Crowbar central

A blog about the ooc language, with source code examples, updates on the state of the llama (our beloved mascot), and random thoughts by nddrylliog, the benevolent dictator for life of ooc.

The opinions expressed in this blog are not necessarily those of the whole ooc community.

Sep 28

Error reporting improvements - parser generator tricks

Several had noticed that rock error reporting was particularly sucky these last few weeks. I’m happy to announce that it has been fixed and even improved, as you can see:

Which, surely you agree, is much much nicer to work with.

(Disclaimer: the code below is greg syntax, not ooc code)
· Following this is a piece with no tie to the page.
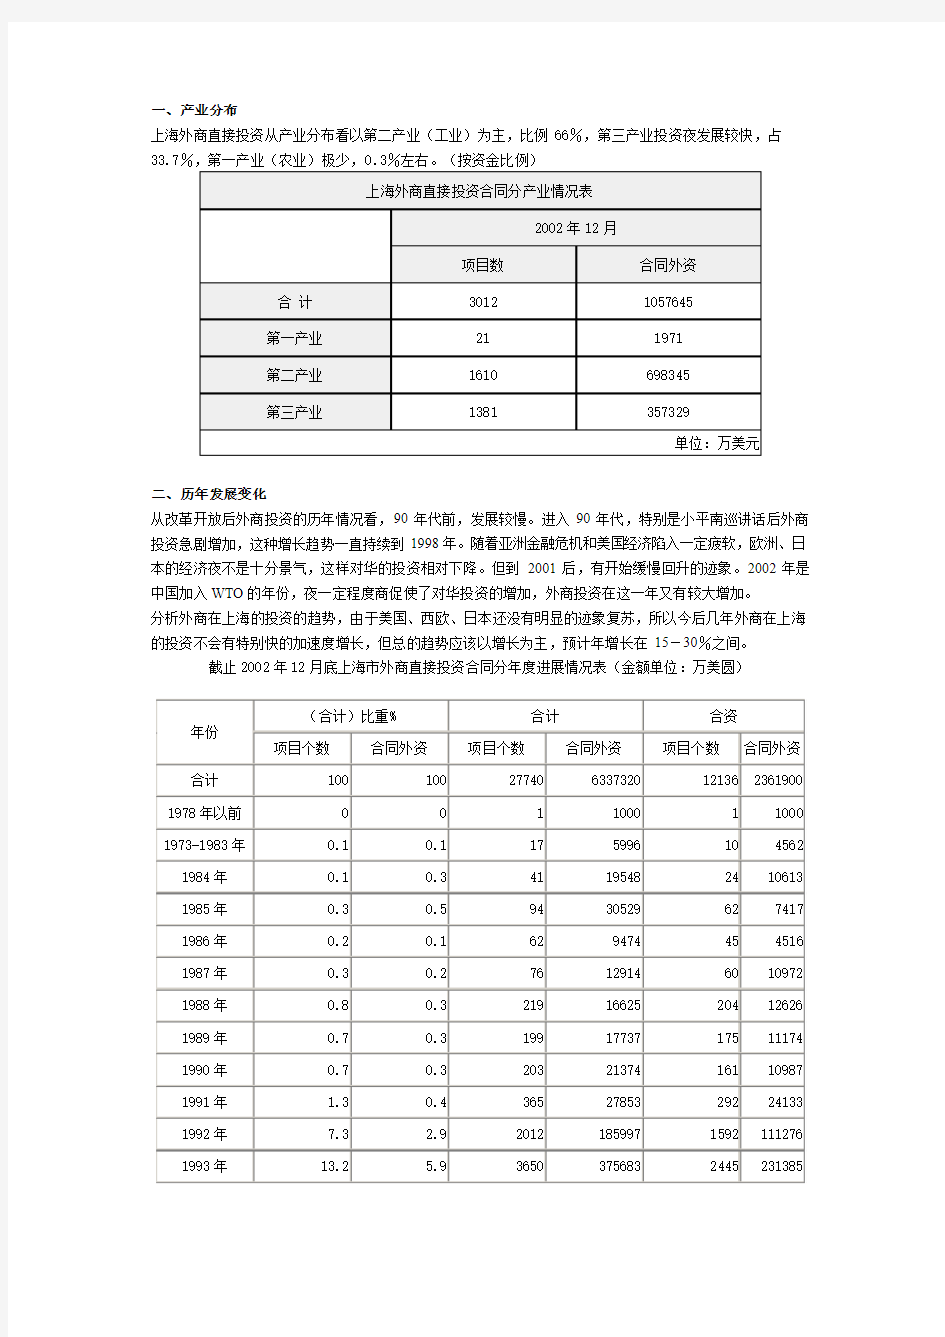 外商在上海投资情况分析!
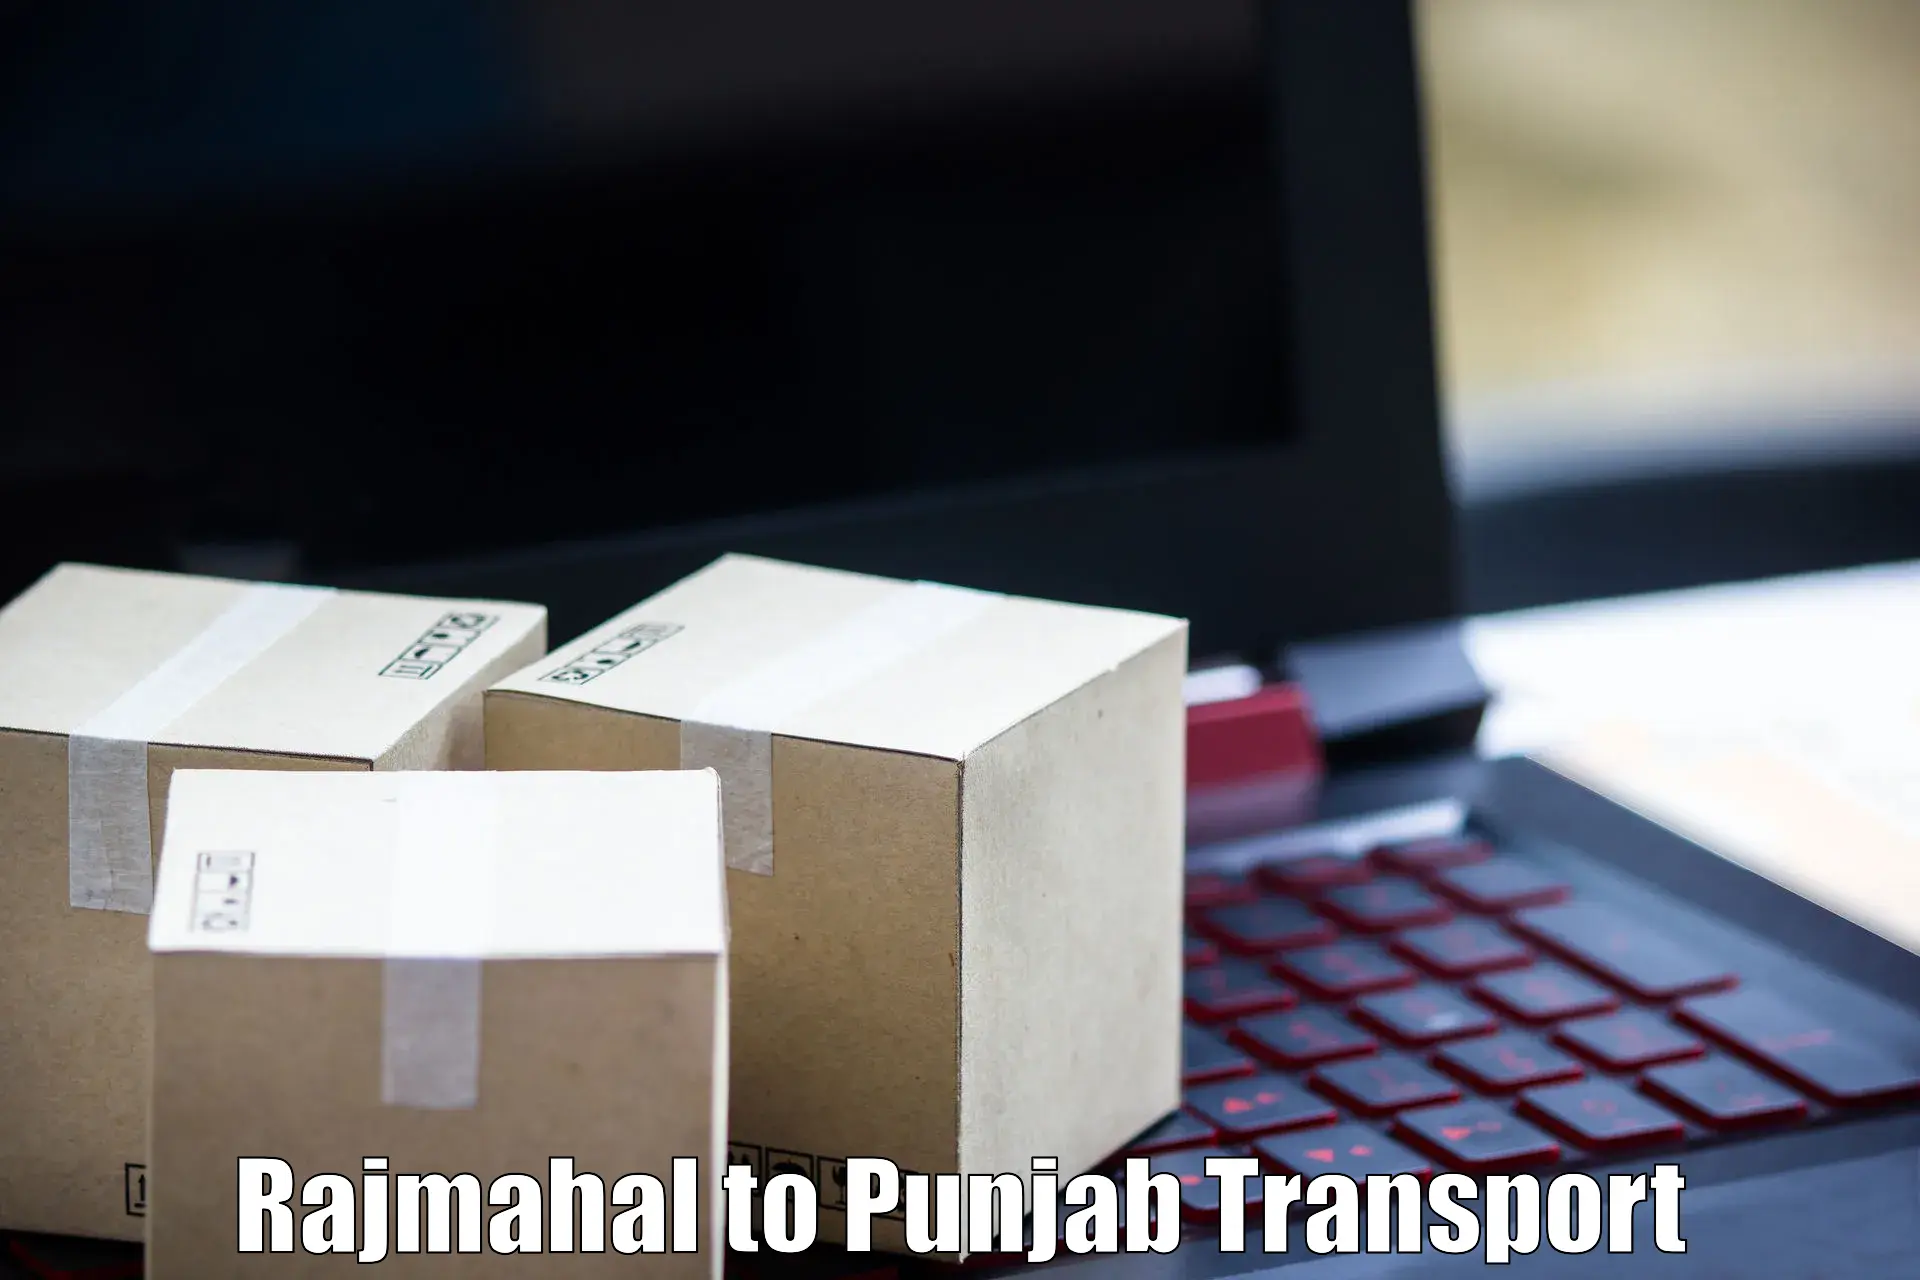 Container transport service Rajmahal to Ajnala

Turns out it was broken by my fault. I had changed things like

FunctionCall = Name OPEN_PAREN Args CLOS_PAREN
OPEN_PAREN = ‘(‘
CLOS_PAREN = ‘)’

To

FunctionCall = Name ‘(’ Args ‘)’

It didn’t break parsing (ie. produced exactly the same AST) but it broke error reporting. Why?

The original peg/leg had no error reporting facility. Nor did greg, _why’s re-entrant fork of it. So in my fork, I added some error reporting facility.

peg/leg/greg allow the specification of blocks of C code inside brackets {} when a rule is fully matched, such as this:

FunctionCall = Name OPEN_PAREN Args CLOS_PAREN { onCall() }

So in the same spirit, I added ~{}, which is called when a rule is *not* matched.

FunctionCall = Name OPEN_PAREN Args CLOS_PAREN ~{ onError() } { onCall()}

In that example, onError() will be called if the closing parenthesis isn’t matched.

But wait, isn’t that illogical? Why choose the closing parenthesis to test for errors? After all, we could do something like:

FunctionCall = Name OPEN_PAREN (Expr (COMMA Expr ~{ onError() })*)) CLOS_PAREN

Ie. if Expr is not matched (malformed expression) it would throw an error. But that won’t work. Why? Because it’s alright for Expr not to be matched. ‘*’ means ‘0 or more’. So if it’s not matched, the parser generated by greg will just assume that there are no more Expr to be matched and that the parent rule ()* is fully matched and then it’ll move on to the next rule, ie. the ‘)’.

Now we see why it makes sense to test for closing delimiters such as ‘)’, ‘}’, ‘]’. If there is indeed a malformed expression, then Expr will no longer match and it’ll stop matching ()*, and when trying to match the closing parenthesis it will fail! And that’s when we want to throw an error.

But as I said the only thing I did was to change from

FunctionCall = Name OPEN_PAREN Args CLOS_PAREN ~{ /* … */ } { /* … */ }

To

FunctionCall = Name ‘(’ Args ‘)’ ~{ /* … */ } { /* … */ }

And the explanation is very simple: ~{} only works after named rules. ‘(’ is a string rule and thus ~{} is simply ignored. This is a little limitation of my greg error reporting solution that I had totally forgotten. It might be considered a bug, if anyone else uses greg and wishes that particular issue to be fixed, you know where GitHub is.

I hope you enjoyed this little journey in the world of parser generators, it’s an exciting domain and I’ve only grazed the surface. If you’re interested in developing your own toy language in ooc with greg, decadence is a nice tutorial I was corrupted into writing.